If you need to identify specific rows where findings are present, specify
inspectJob.storageConfig.bigQueryOptions.identifyingFields
at job creation
time.
Identifying fields can be found in the generated BigQuery table, in
the location.content_locations.record_location.record_key.id_values
field.
Limiting scans to new BigQuery content
If you're limiting scans to only new content, and you use the BigQuery Storage Write API to populate the input table, Sensitive Data Protection might skip scanning some rows.
To mitigate this issue, in your inspection job, make sure the timestampField
of the
TimespanConfig
object is a commit timestamp that BigQuery auto-generates.
However, there's still no guarantee that no rows are skipped, because
Sensitive Data Protection doesn't read from
recently streamed data.
If you want to auto-generate commit timestamps for a column, and you use the legacy streaming API to populate your input table, do the following:
In the input table's schema, make sure that the timestamp column is of type
TIMESTAMP
.Example schema
The following example defines the
commit_time_stamp
field and sets its type toTIMESTAMP
:... { "name": "commit_time_stamp", "type": "TIMESTAMP" } ...
In the
rows[].json
field of thetabledata.insertAll
method, make sure that the values in the timestamp column are set toAUTO
.Example JSON
The following example sets the value of the
commit_time_stamp
field toAUTO
:{ ... "commit_time_stamp": "AUTO", ... }
Limiting scans by setting a maximum percentage or rows
When you set a sampling limit based on a percentage of the total number of table
rows
(rowsLimitPercent
),
Sensitive Data Protection can inspect more rows than expected. If you need to
put a hard limit on the number of rows to scan, we recommend setting a maximum
number of rows
(rowsLimit
)
instead.
BigQuery profiling issues
The following issues are only applicable to profiling operations on BigQuery data. For more information, see Data profiles for BigQuery data.

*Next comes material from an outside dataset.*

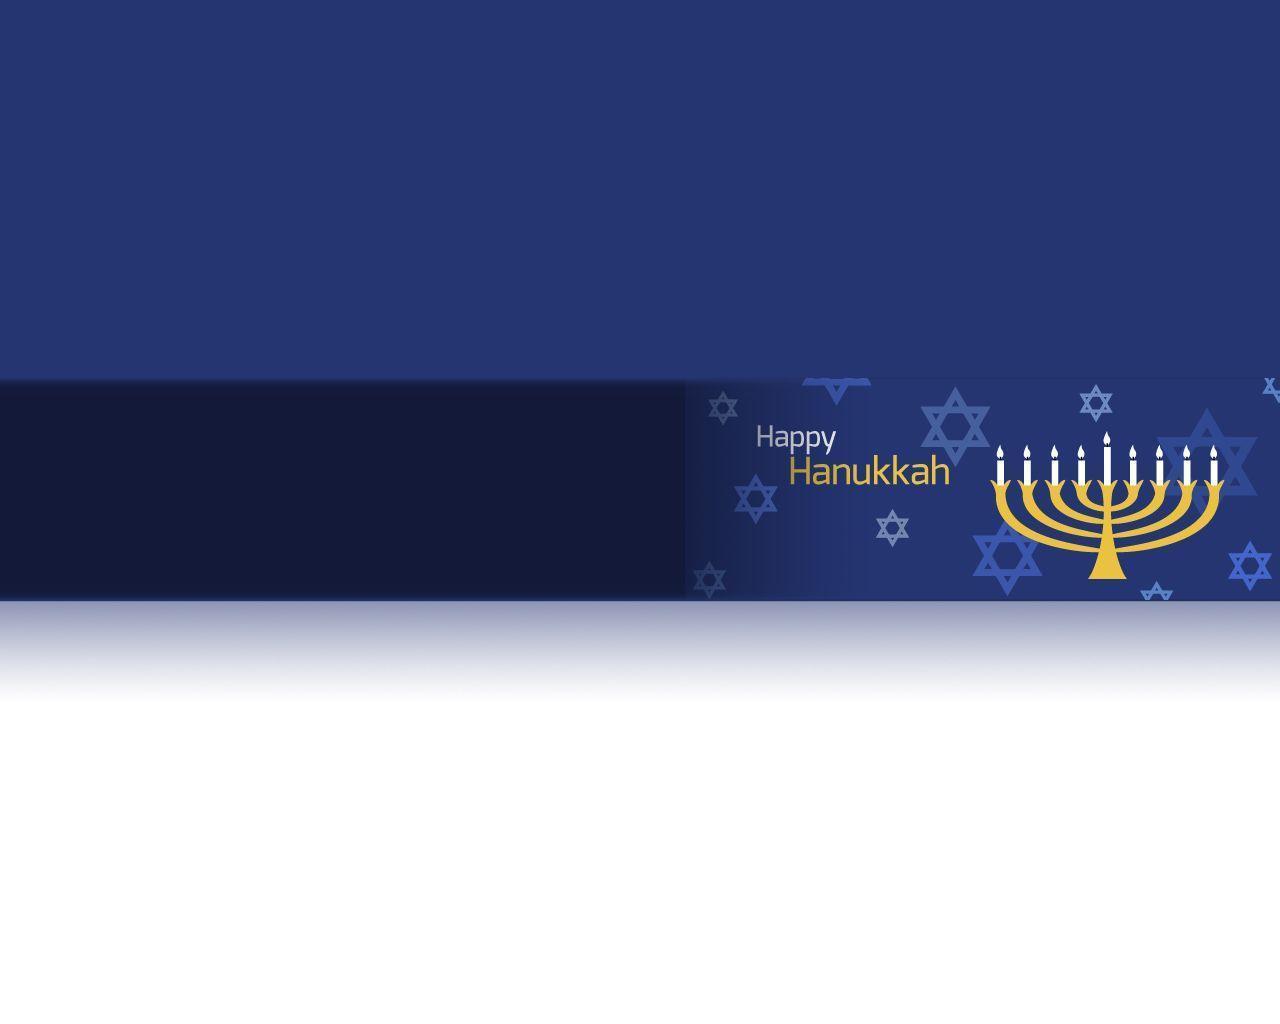 Hanukkah Wallpapers, HQFX Cover

Organizations or projects with more than 500 million tables
Sensitive Data Protection returns an error if you attempt to profile an organization or project that has more than 500 million tables. If you encounter this error, follow the instructions in the error message.

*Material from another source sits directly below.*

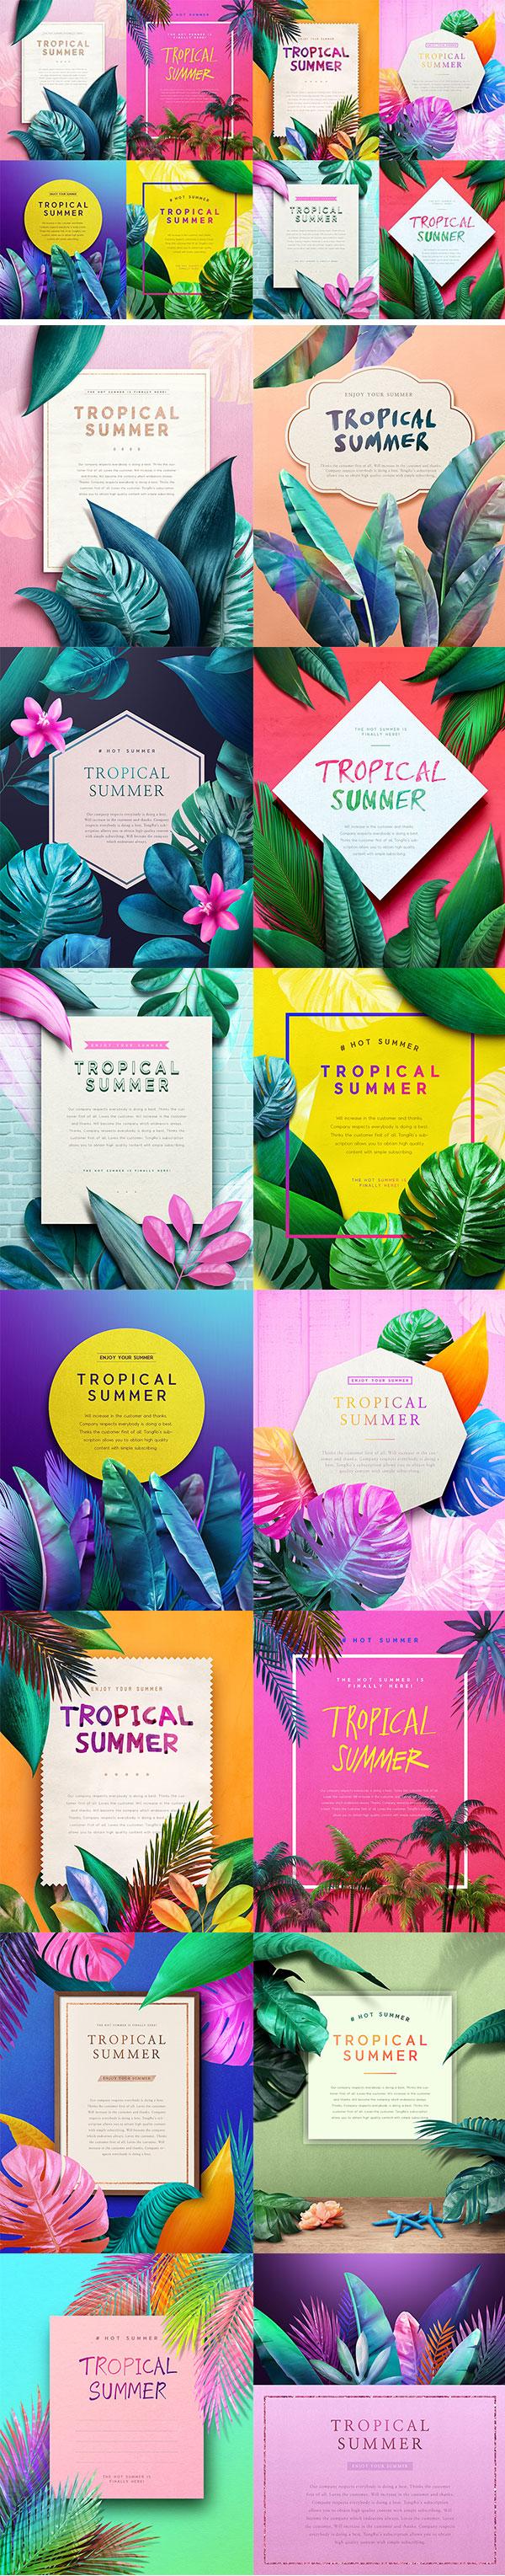 热带夏季促销海报

If your organization's table count has more than 500 million tables, and you have a project with a lower table count, try to do a project-level scan instead.
For information about table and column limits, see Data profiling limits.
Inspection templates
The inspection template must be in the same
region as the data to be profiled. If you have data in multiple regions, use
multiple inspection templates—one for each region where you have data.
You can also use an inspection template that is stored in the global
region.
If you include a template in the global
region, Sensitive Data Protection uses it
for any data that doesn't have a region-specific template. For more information,
see Data residency considerations.
Stored infoTypes
A stored infoType (also known as a stored custom dictionary detector) that is referenced in your inspection template must be stored in either of the following:
- The
global
region. - The same region as the inspection template.
Otherwise, the profiling operation fails with the error, Resource not found
.
Resource visibility
In a table data profile, the resource visibility classification given to a BigQuery table depends on the visibility of the dataset that contains the table, rather than the visibility of the table. Therefore, if a table's IAM permissions differ from the dataset's IAM permissions, then the resource visibility of the table indicated in the data profile can be incorrect. This issue affects discovery for BigQuery and discovery for Vertex AI.
In the Google Cloud console, the resource visibility is indicated in the table data
profile's Public field. In the Cloud Data Loss Prevention API, the resource visibility is
indicated in the resourceVisibility
field of the
TableDataProfile
.
Cloud Storage scanning
This section describes issues you might encounter when inspecting or de-identifying data.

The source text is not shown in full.